While ancient Europe regarded India as a land of material wealth and proverbial wisdom, it also saw it as a land of man-like monkeys, banyan trees, and enormous elephants. Ancient Europeans perceived Indians as wearing bright colors, eating rice and meat, and lacking wine-drinking finesse. Today, portrayals of India in prose fiction, cinema, social media, and historiography have shifted from polarized images of Europe and India to narratives depicting a “Dark” and a “Shining” India. Characters in these texts strive to be part of an economically thriving “shining” India, even as they face social, cultural, and political challenges daily. These texts often depict a “victim” Indian who is denied freedom and livelihood due to a fundamentally corrupt Global South. Prominent authors from India or of Indian descent, such as Megha Majumdar (A Burning, 2020), Alka Joshi (The Henna Artist, 2020), and Thrity Umrigar (Honor, 2022), amplify these negative stories as authentic voices of Indian realities. They garner global validation by writing, circulating, and (mis)representing the “downtrodden” back home. In their works, India’s global image centres on its poverty and a morally compromised socio-political ecosystem that must be transparent to an international audience. These persistent negative cultural portrayals support colonial frameworks of Orientalism. Furthermore, these portrayals have a reductive understanding of the haves and the have-nots—recognised institutions and the common mass—that are not mutually exclusive but rather work together to influence the Indian economy.

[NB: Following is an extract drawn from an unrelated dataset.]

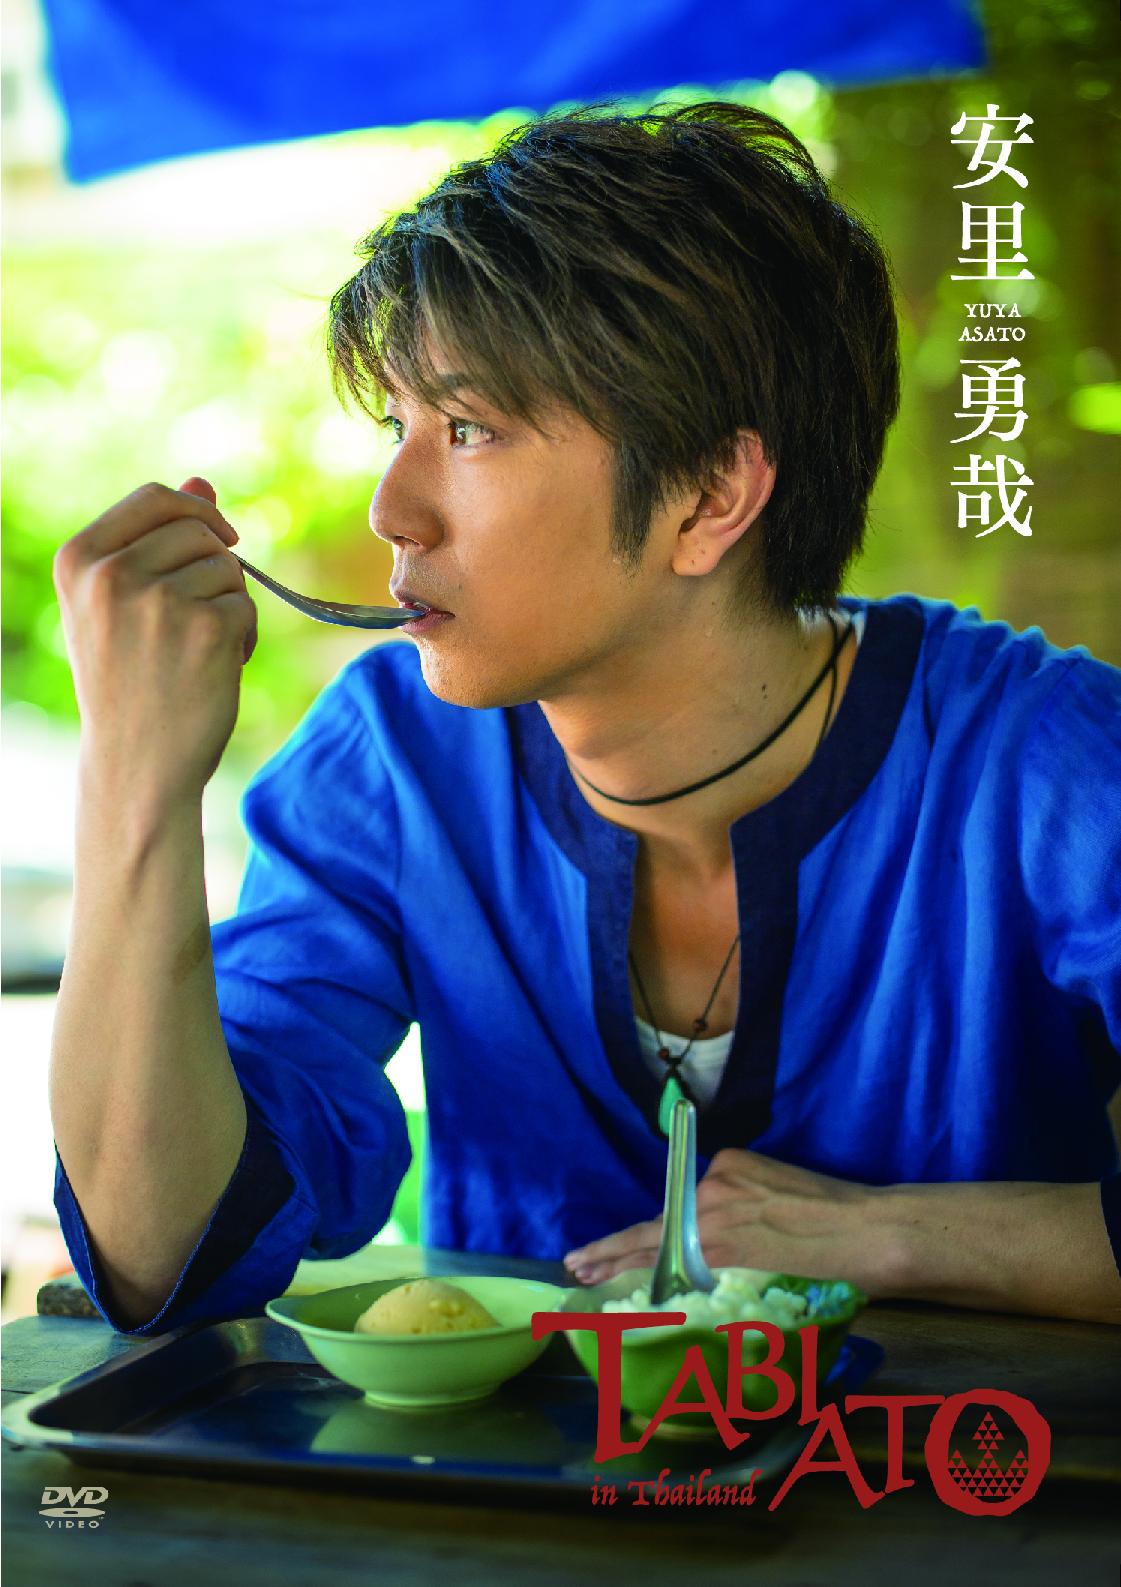 アザージャケット&チェキ付き安里勇哉1st DVD「TABIATO」
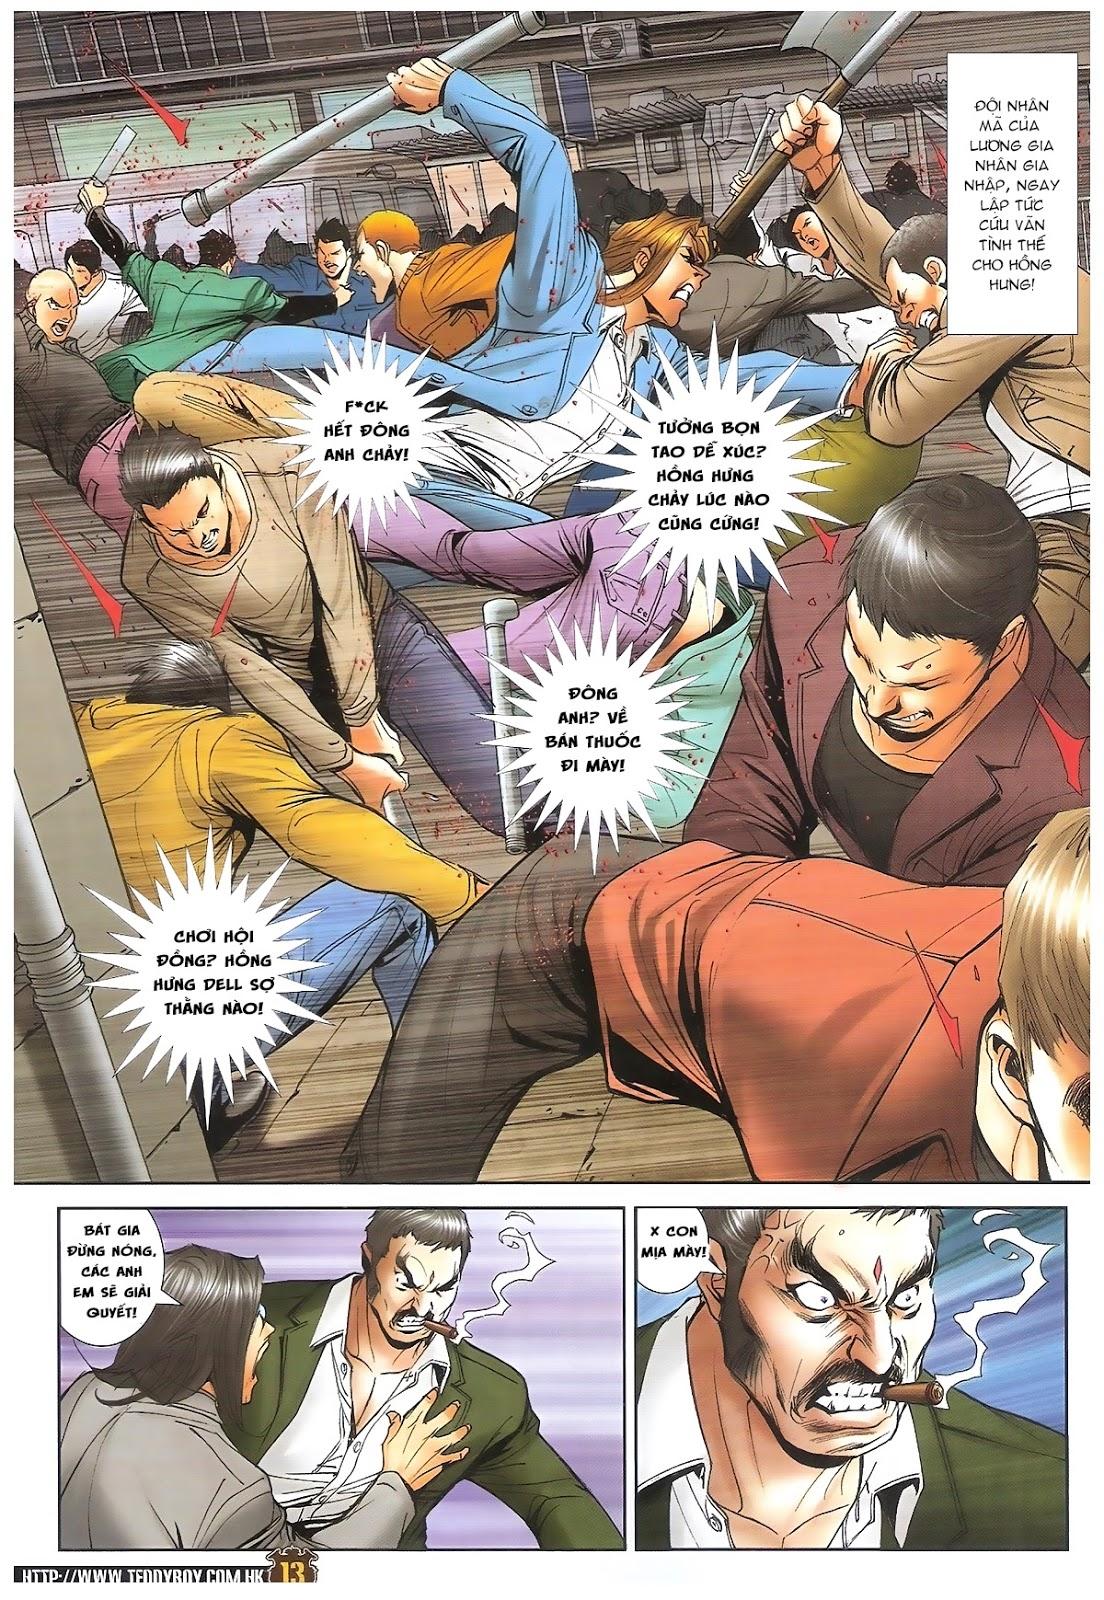 Người Trong Giang Hồ - Ngũ Hổ qui thiên - Chapter 1691: Bắc Giác đại hỏa đấu - Pic 10

This panel thus explores how representations of poverty in contemporary texts confine modern India within orientalist frameworks. It examines “slum tourism,” “poverty porn,” “poverty chic,” and “poverty tours” as common tropes representing India and, by extension, a popular form of conscious consumption by the Global North regarding the Global South. We invite papers exploring the connections between poverty, consumerism, the Global South, literary capitalism, and recent oriental themes in literary narratives and other media forms related to India. The panel aims to challenge oversimplified views of poverty that sustain unequal global economies and perpetuate Western colonialism.